Ivivi Technologies, Inc. (Ivivi), a wound care management company, has received a deficiency notice from The Nasdaq Stock Market (Nasdaq) on February 26, 2009. Nasdaq had determined that the company is not in compliance with the minimum $2.5 million stockholders' equity, $35 million market capitalization or $500,000 net income requirements for continued listing on The Nasdaq set forth in Marketplace Rule 4310(c)(3).
The Nasdaq staff has requested that the company provide it with a specific plan to achieve and sustain compliance with all the Nasdaq Capital Market listing requirements, including the time frame for completion of the plan. Pursuant to Nasdaq Marketplace Rule 4803, the company is required to provide the staff with its plan within 105 days of the date of the deficiency notice. The company plans to submit its plan to the staff within the requisite 105-day period. If after the conclusion of its review process, the staff determines that the company’s plan does not adequately address the issues noted, the staff will provide written notification that the company’s securities will be delisted from The Nasdaq Capital Market. At that time, the company may appeal the staff’s decision to a Nasdaq Listing Qualification Panel.

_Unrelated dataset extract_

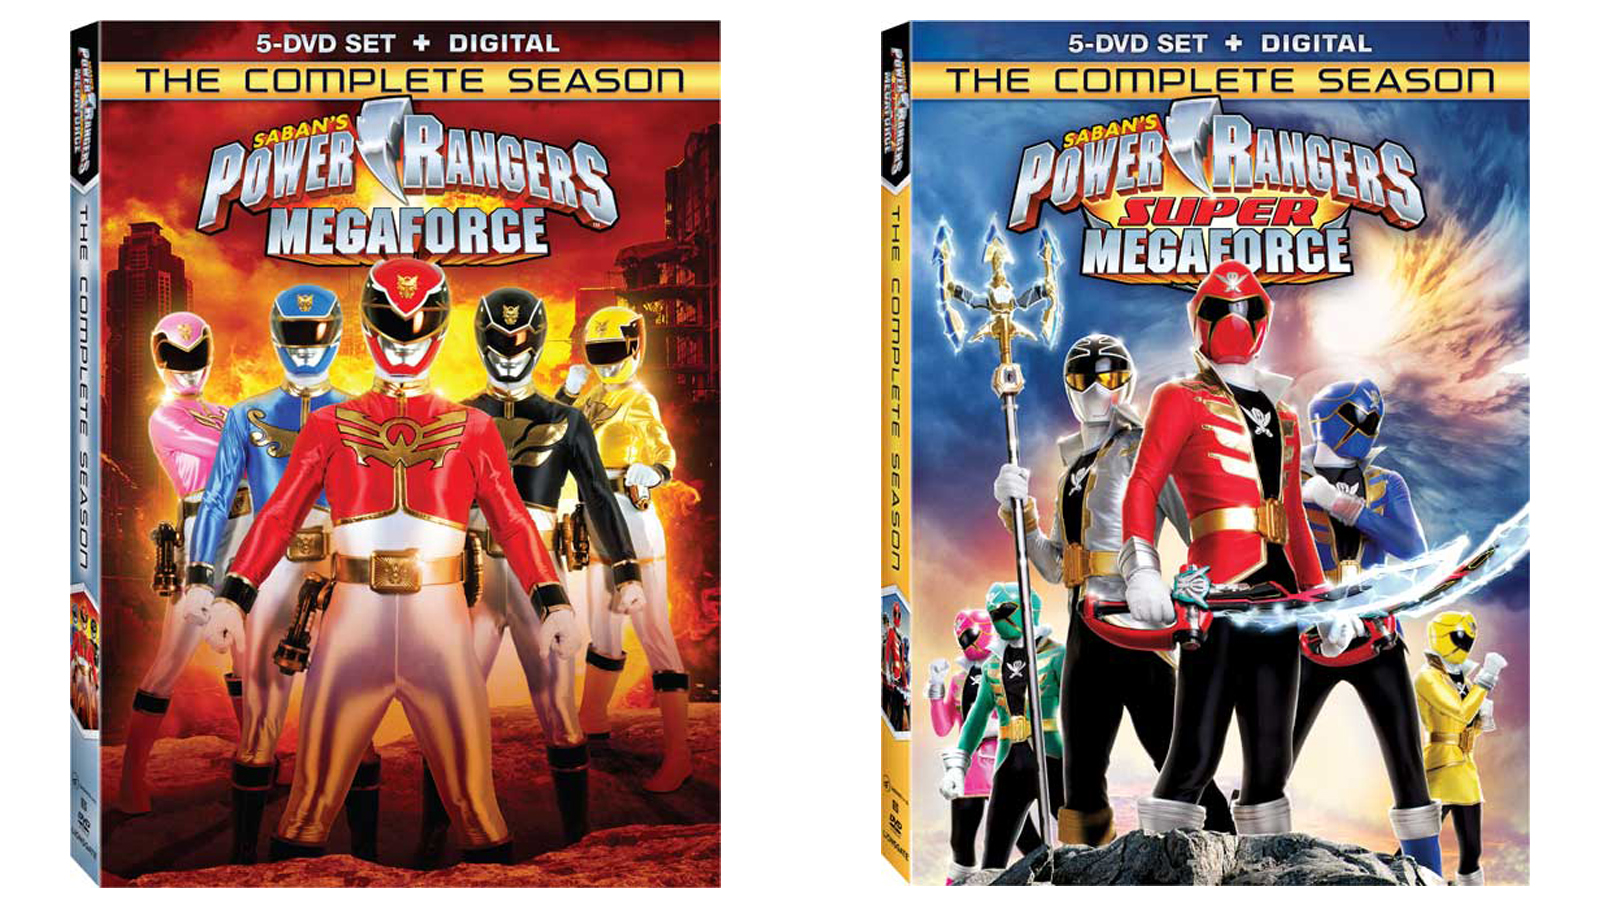 Power Rangers Megaforce Super Megaforce Complete Season Dvds

Under the Nasdaq Marketplace Rules, the company’s common stock will continue to be listed on The Nasdaq Capital Market, subject to the company’s compliance with other continued listing requirements. Although the company plans to cure its deficiency and return to compliance with the continued listing requirements of the Nasdaq Marketplace Rules, there can be no assurance that it will be able to do so.